Церемония затянулась на пять часов и состояла из молитвенных песнопений, причитаний и проповедей. Старого короля уложили в гроб из вяза, расписанный сценами из жизни святых, на крышке был изображен возносящийся к небесам Христос, почему-то с удивленным выражением на лице. В руки мертвого короля вложили кусочек истинного креста, голова усопшего покоилась на Евангелии. Деревянный гроб поместили в свинцовый короб, а тот, в свою очередь, в еще один, кедровый, на котором вырезали образы святых, бросающих вызов смерти. Одного святого сжигали, но языки пламени не причиняли ему вреда. Другого, вернее, другую пытали, но она с улыбкой прощала своих мучителей. Третьего кололи копьями, а он продолжал читать проповедь. Этот тяжелый саркофаг перенесли в крипту старой церкви и дверь запечатали. Альфред пролежал там до тех пор, пока не достроили новую церковь, а затем его поместили в склеп. Помню, Стеапа рыдал как ребенок. Беокка тоже плакал. Даже Плегмунд, этот суровый епископ, утирал слезы, читая проповедь. Он говорил о лестнице Иакова, которая якобы явилась ему во сне такой, какой ее описывают в священных книгах, и о том, что Иаков лежал на камне-подушке под этой лестницей и слышал голос Господа.

– «Землю, на которой лежишь, Я дам тебе и потомству твоему, – голос Плегмунда дрогнул, когда он читал эти слова, – и будет потомство твое, как песок земной; и распространишься ты и к западу, и к востоку, и к северу, и к югу, и благословятся в тебе и потомстве твоем все племена земные». Альфред тоже мечтал об этом. – Плегмунд слегка охрип. – И сейчас Альфред здесь, в этом городе, и эта земля будет дана его детям и детям его детей до Судного дня! И не только эта земля! Альфред мечтал, чтобы мы, саксы, несли свет Евангелия во все уголки Британии и в другие страны до тех пор, пока все голоса земли не воспоют хвалу Господу.

Помню, после этих слов я мысленно улыбнулся. Я стоял в старой церкви и смотрел, как дымок от ладана поднимается к позолоченным балкам. Меня забавляла уверенность Плегмунда в том, что мы, саксы, должны распространить песок земной на север, юг, восток и запад. Нам бы очень повезло, если бы мы смогли удержать те земли, что у нас есть. Однако паству до глубины души тронули его слова.

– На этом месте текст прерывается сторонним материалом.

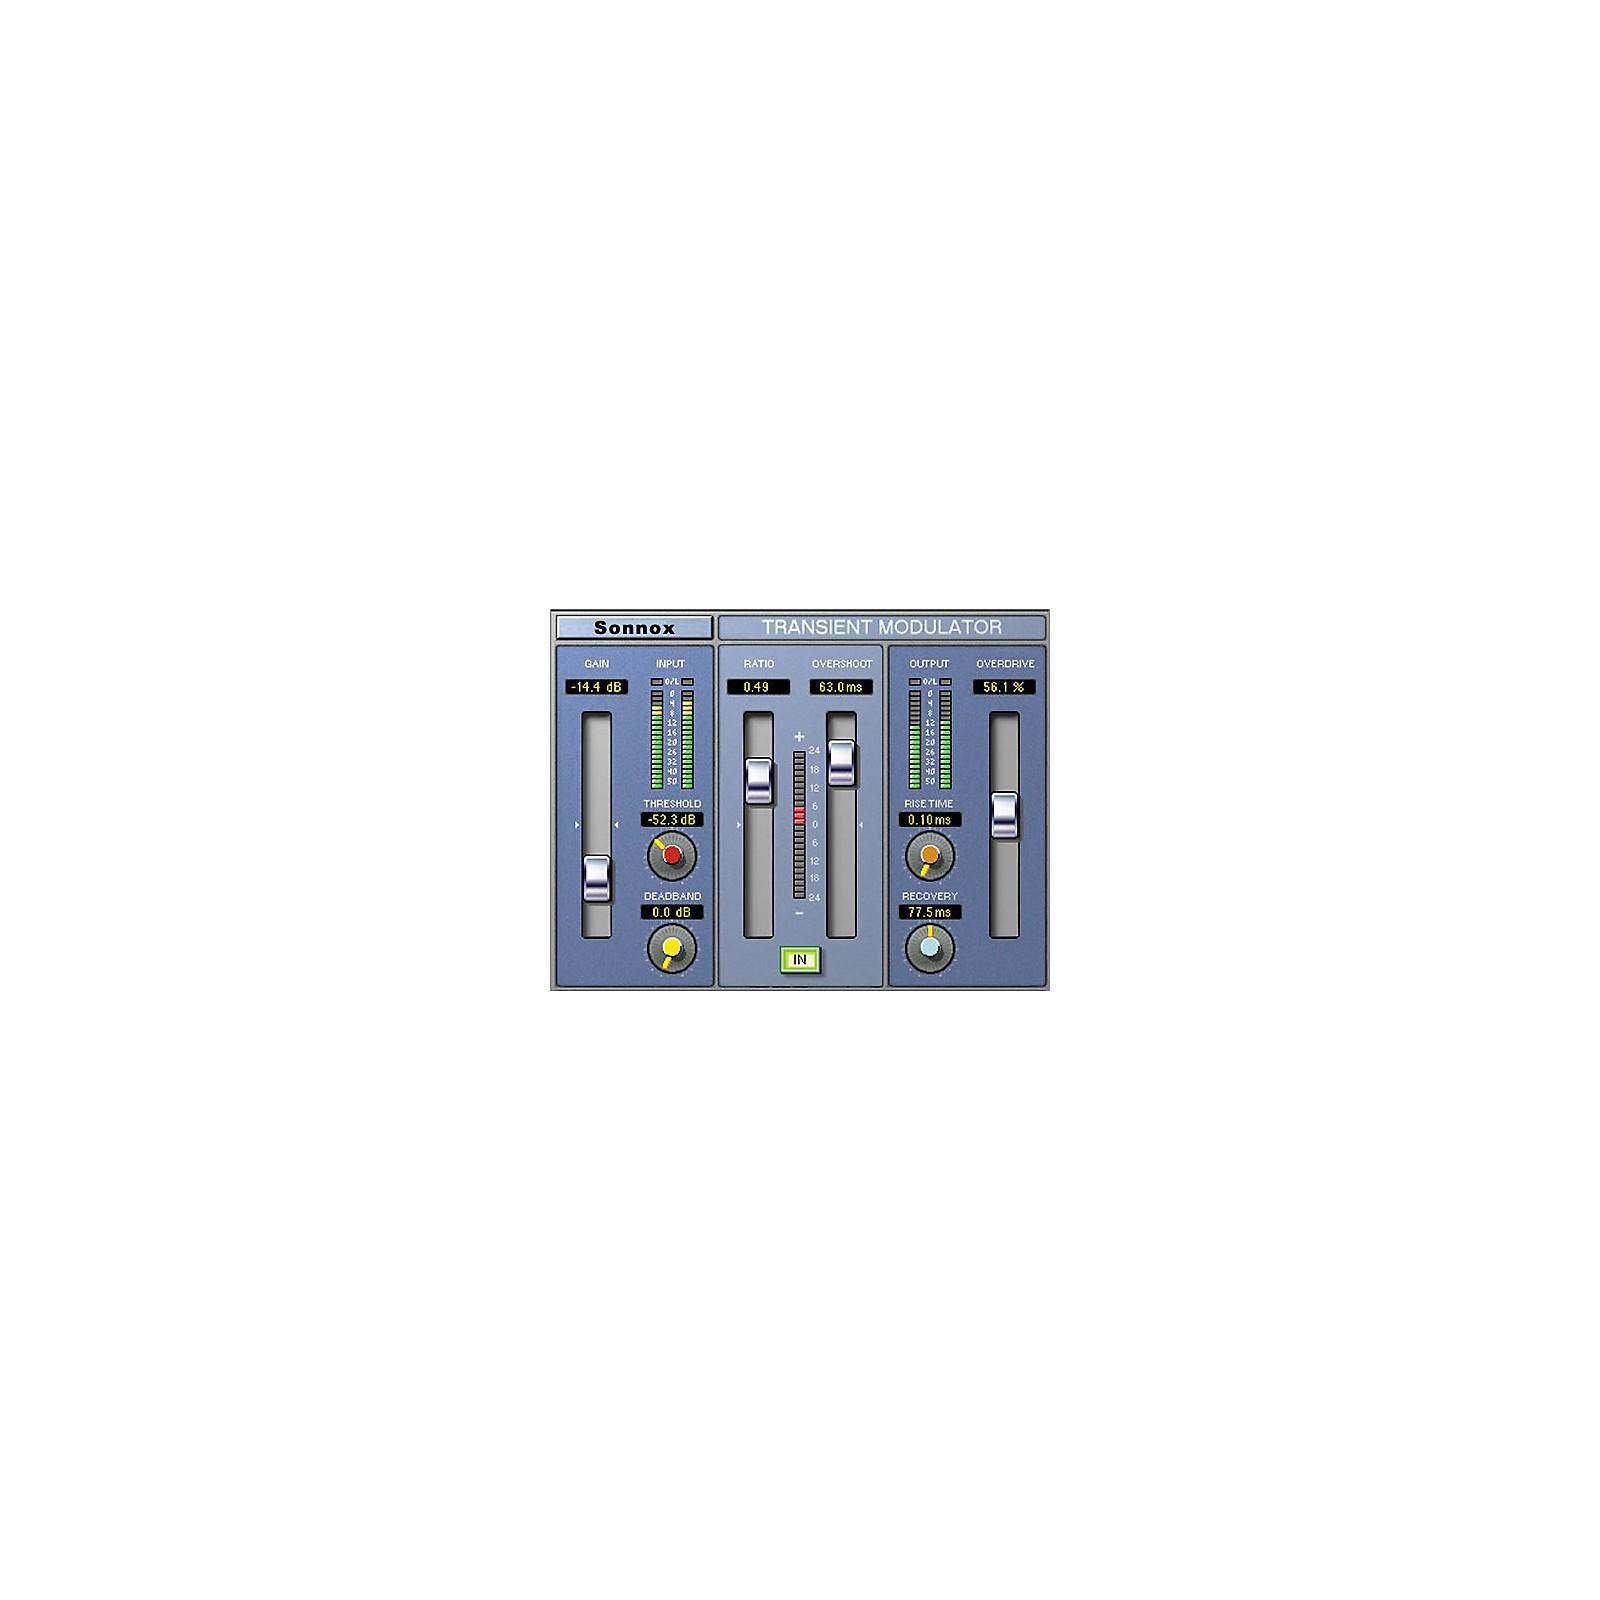 Sonnox Oxford TransMod (HD-HDX) Software Download

– Язычники давят на нас, – заявил Плегмунд, – они подвергают нас гонениям! И все же мы будем взывать к ним и молиться за них, и мы увидим, как они преклоняют колена перед всемогущим Господом, и тогда мечта короля Альфреда сбудется и мы возрадуемся в раю! Да сохранит нас Господь!

Мне следовало бы более внимательно слушать эту проповедь, но я думал об Этельфлэд и о Фагранфорде. Я попросил у Эдуарда разрешения поехать в Мерсию, и он передал мне свой ответ через Беокку, который пришел в «Два журавля». Мой давний друг сел у очага и принялся корить меня за то, что я не общаюсь со своим старшим сыном.

– Я его не игнорирую, – возразил я. – Я был бы рад, если бы он тоже поехал в Фагранфорду.

– А что ему там делать?

– То, что положено, – ответил я. – Учиться боевому мастерству.

– Он хочет быть священником, – сказал Беокка.

– Тогда он не мой сын.

Беокка вздохнул:

– Он хороший мальчик! Очень хороший мальчик!

– Скажи ему, чтобы поменял имя, – буркнул я. – Если он станет священником, он не достоин называться Утредом.

– Как же ты похож на своего отца, – покачал головой Беокка. Его слова удивили меня, потому что я всегда боялся своего отца. – А Утред так похож на тебя! – продолжал мой друг. – Он и внешне похож на тебя, и такой же упрямый. – Он хмыкнул. – В детстве ты был ужасно упрямым.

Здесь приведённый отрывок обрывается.